R_0C = resistance across the RTD in ohms units, when the RTD is at 0 °C
R_100C = resistance across the RTD in ohms units, when the RTD is at 100 °C
R_260C = resistance across the RTD in ohms units, when the RTD is at 260 °C

The equations below show the relationship between alpha/delta/beta and A/B/C:

alpha = [ A + 100*B ]
delta = [ B * ( 100.0 ^ 2) * -1 ] / alpha
beta = [ C * ( 100.0 ^ 4) * -1 ] / alpha

Troubleshooting Your RTD Temperature Vs.
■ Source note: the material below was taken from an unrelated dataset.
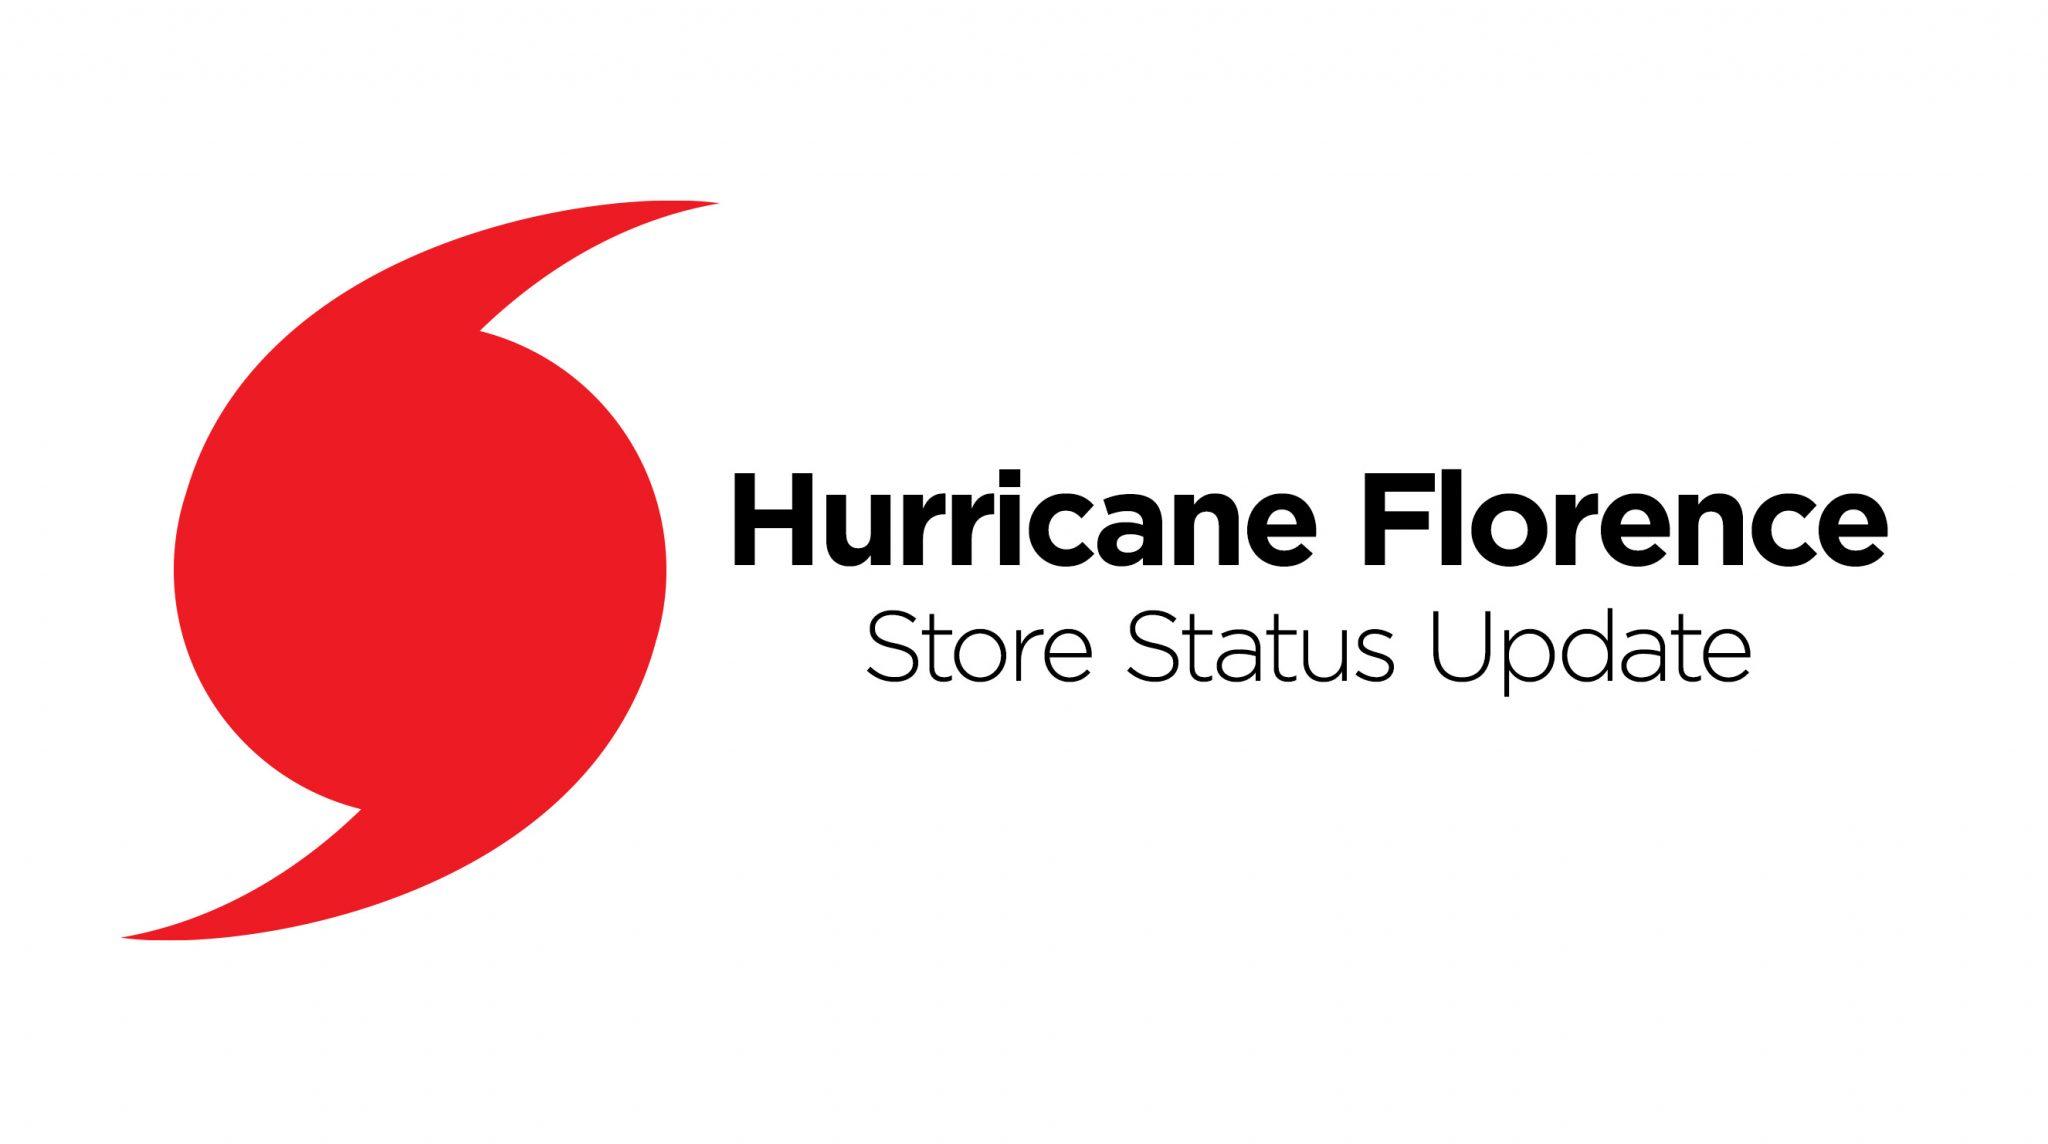 JCPenney 2018 Logo - JCPenney Provides Update on Hurricane Florence – JCPenney Company Blog

Resistance Curve

For details on temperature offset errors that one can expect from voltage drops on the instrunet-to-RTD-device cable, click here (e.g. ~2.6°C offset error with 4-meter 26-AWG 2-wire Figure a cable).

To learn more about the t (°C) vs. R (Ω) curve being used by instruNet to calculate your RTD's temperature: Open the Network page, click on your RTD channel, press the Sensor Report button and then view your RTD's internal parameters in the "Your RTD" column of the RTD characterization table. Notice that this table compares your RTD with standard RTD's such as Iec751-1995. The Report button is supported in instruNet software version ≥ 3.0.

Also note that temperatures below 0°C are supported by instruNet software version ≥ 3.0; yet not in early versions.